HOW TO COMPLETE THIS TASK: The expected answer is the data below, printed verbatim without its pictures.

MATERIAL PROVIDED:
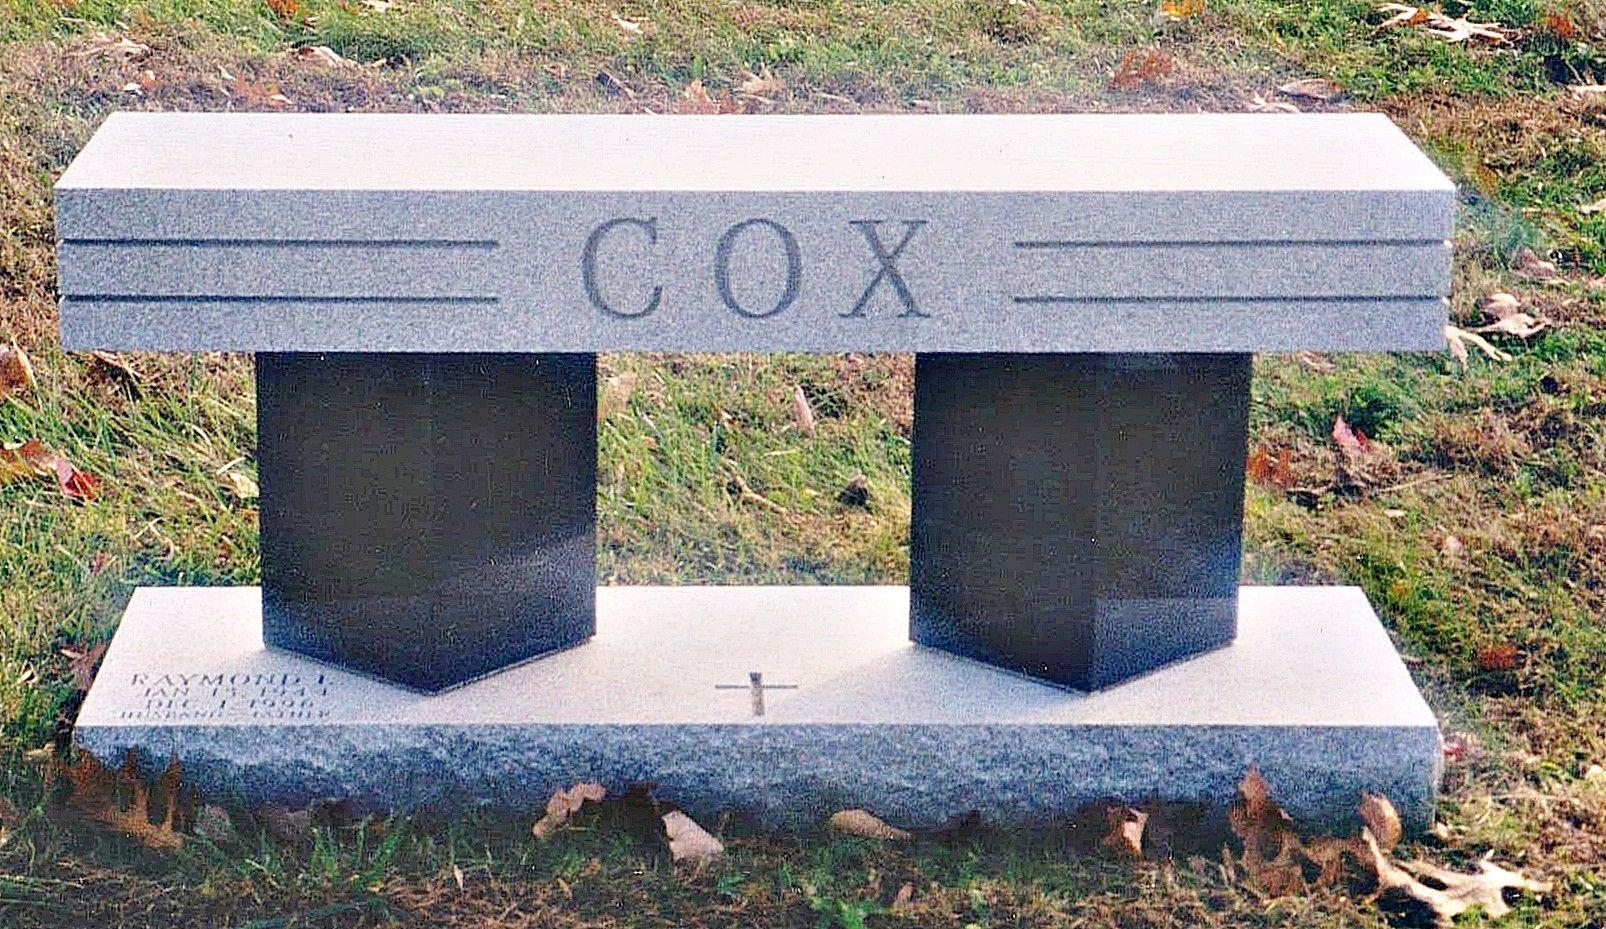 Crone Memorials Headstones Memorial Benches Memorial Keepsakes
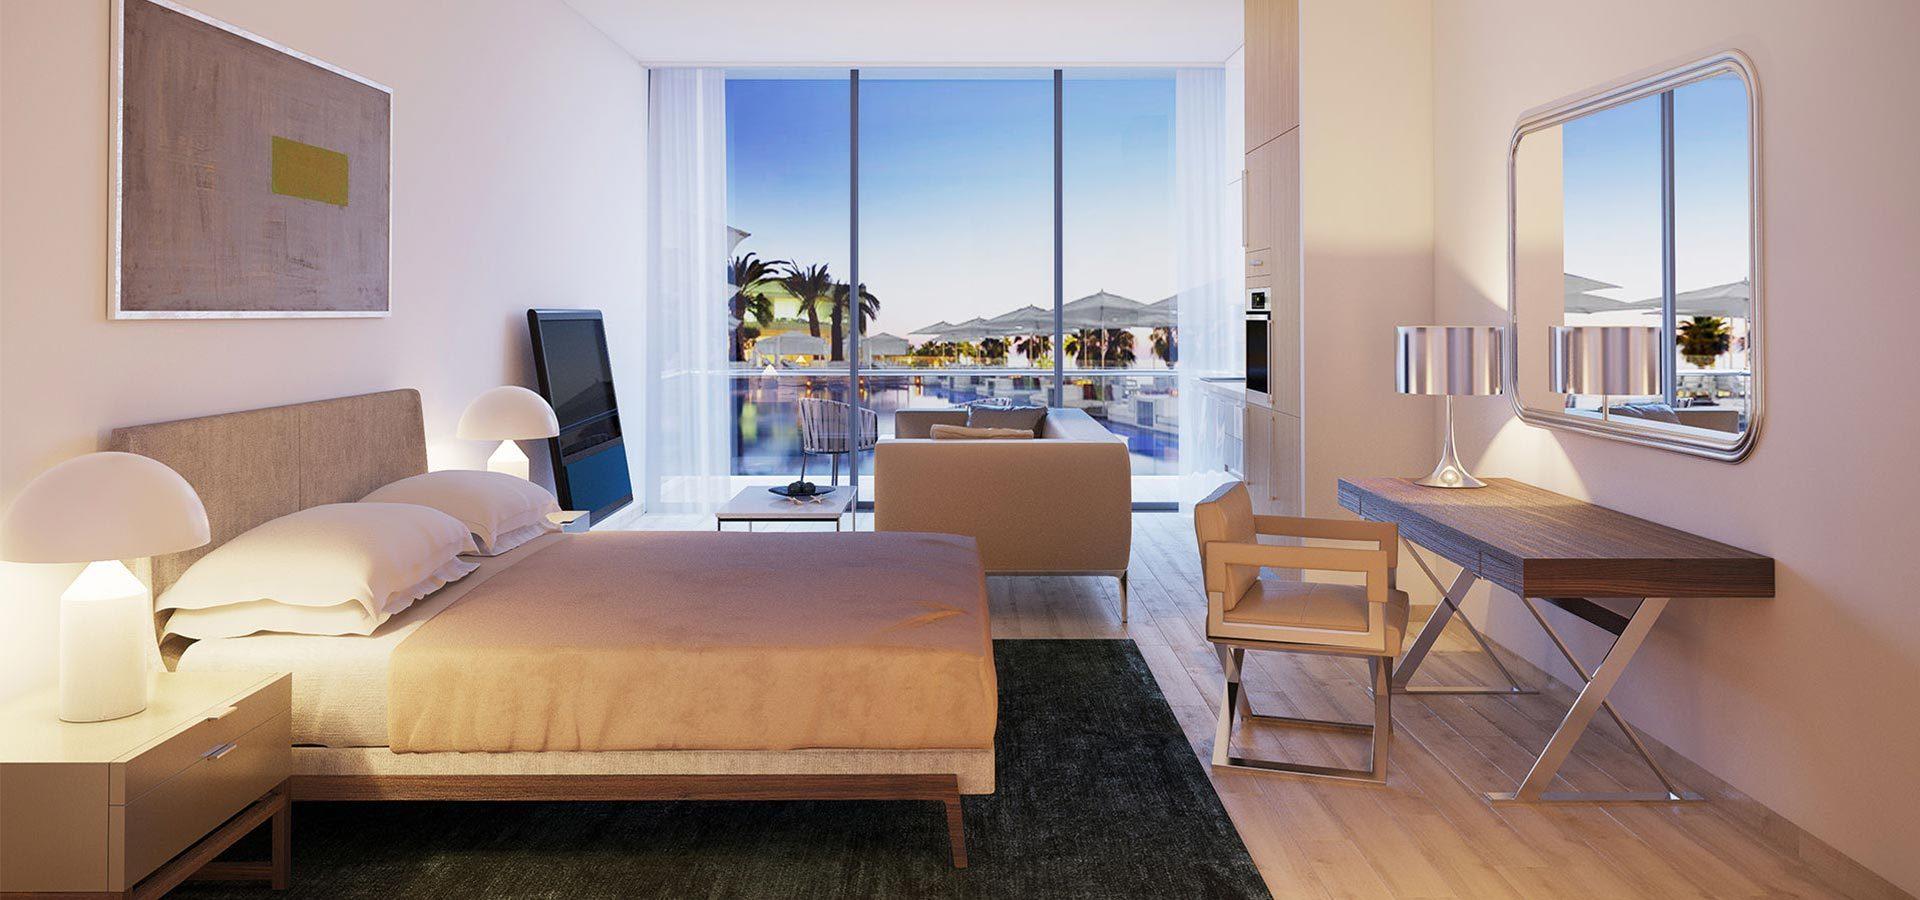 Aldar Mayan Apartments at Yas Island, Abu Dhabi
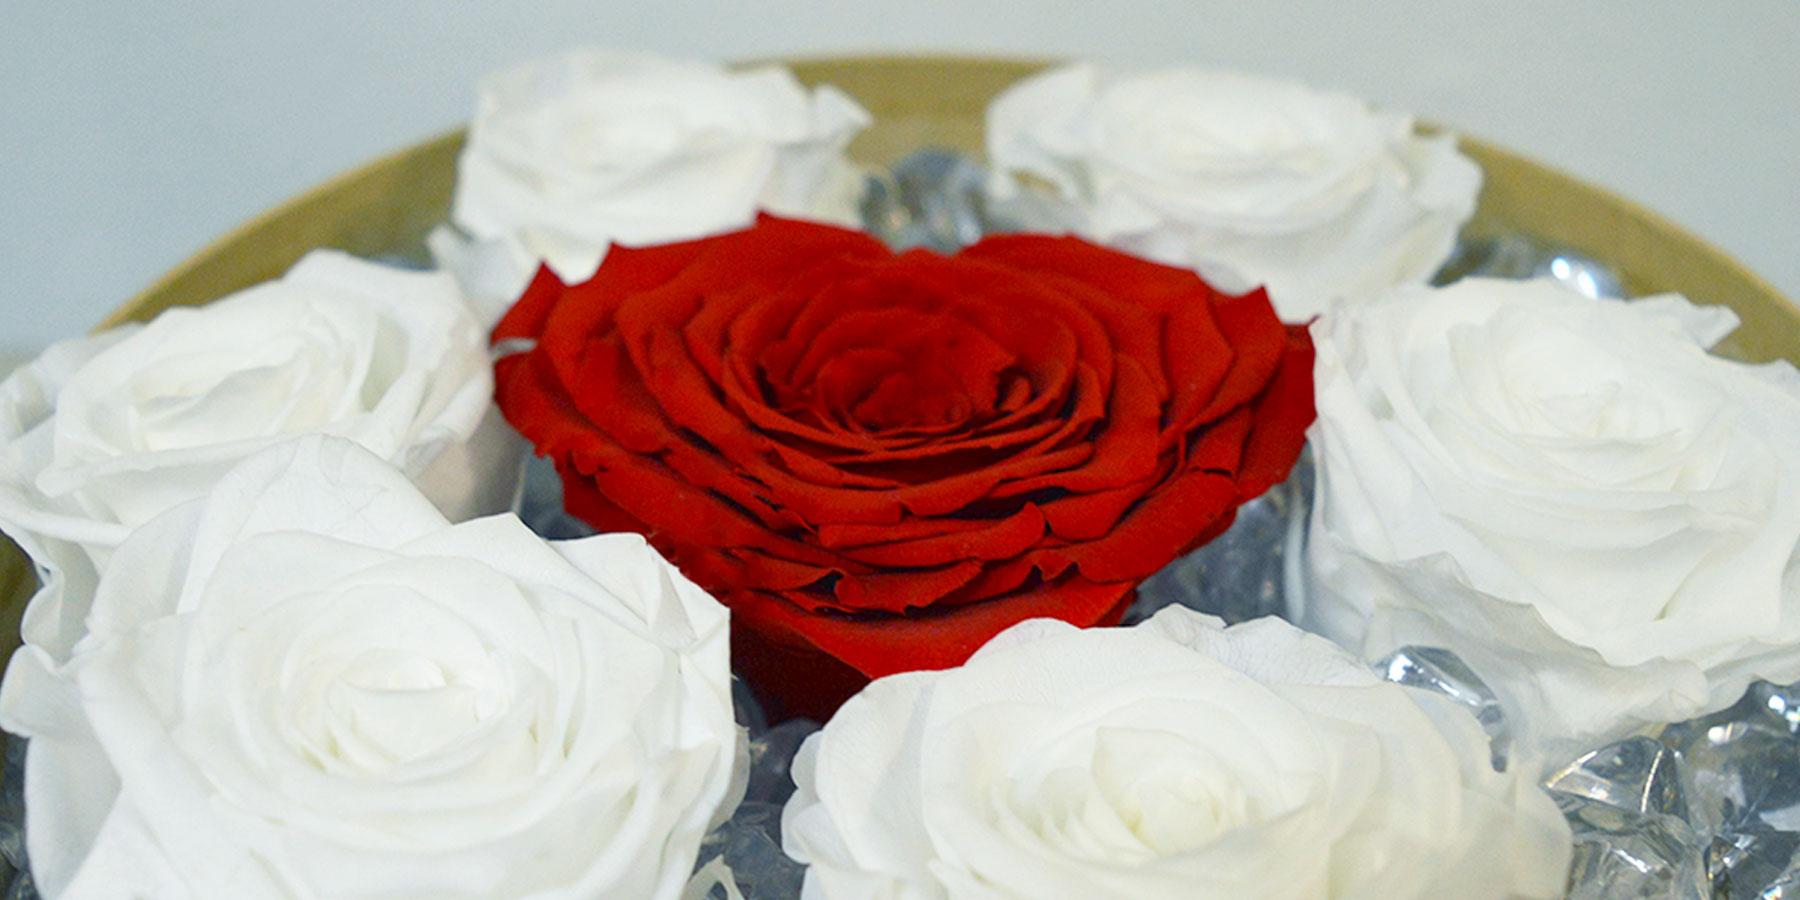 San Valentino si avvicina: regala una rosa eterna

EXPECTED ANSWER:
 Crone Memorials Headstones Memorial Benches Memorial Keepsakes
 Aldar Mayan Apartments at Yas Island, Abu Dhabi
 San Valentino si avvicina: regala una rosa eterna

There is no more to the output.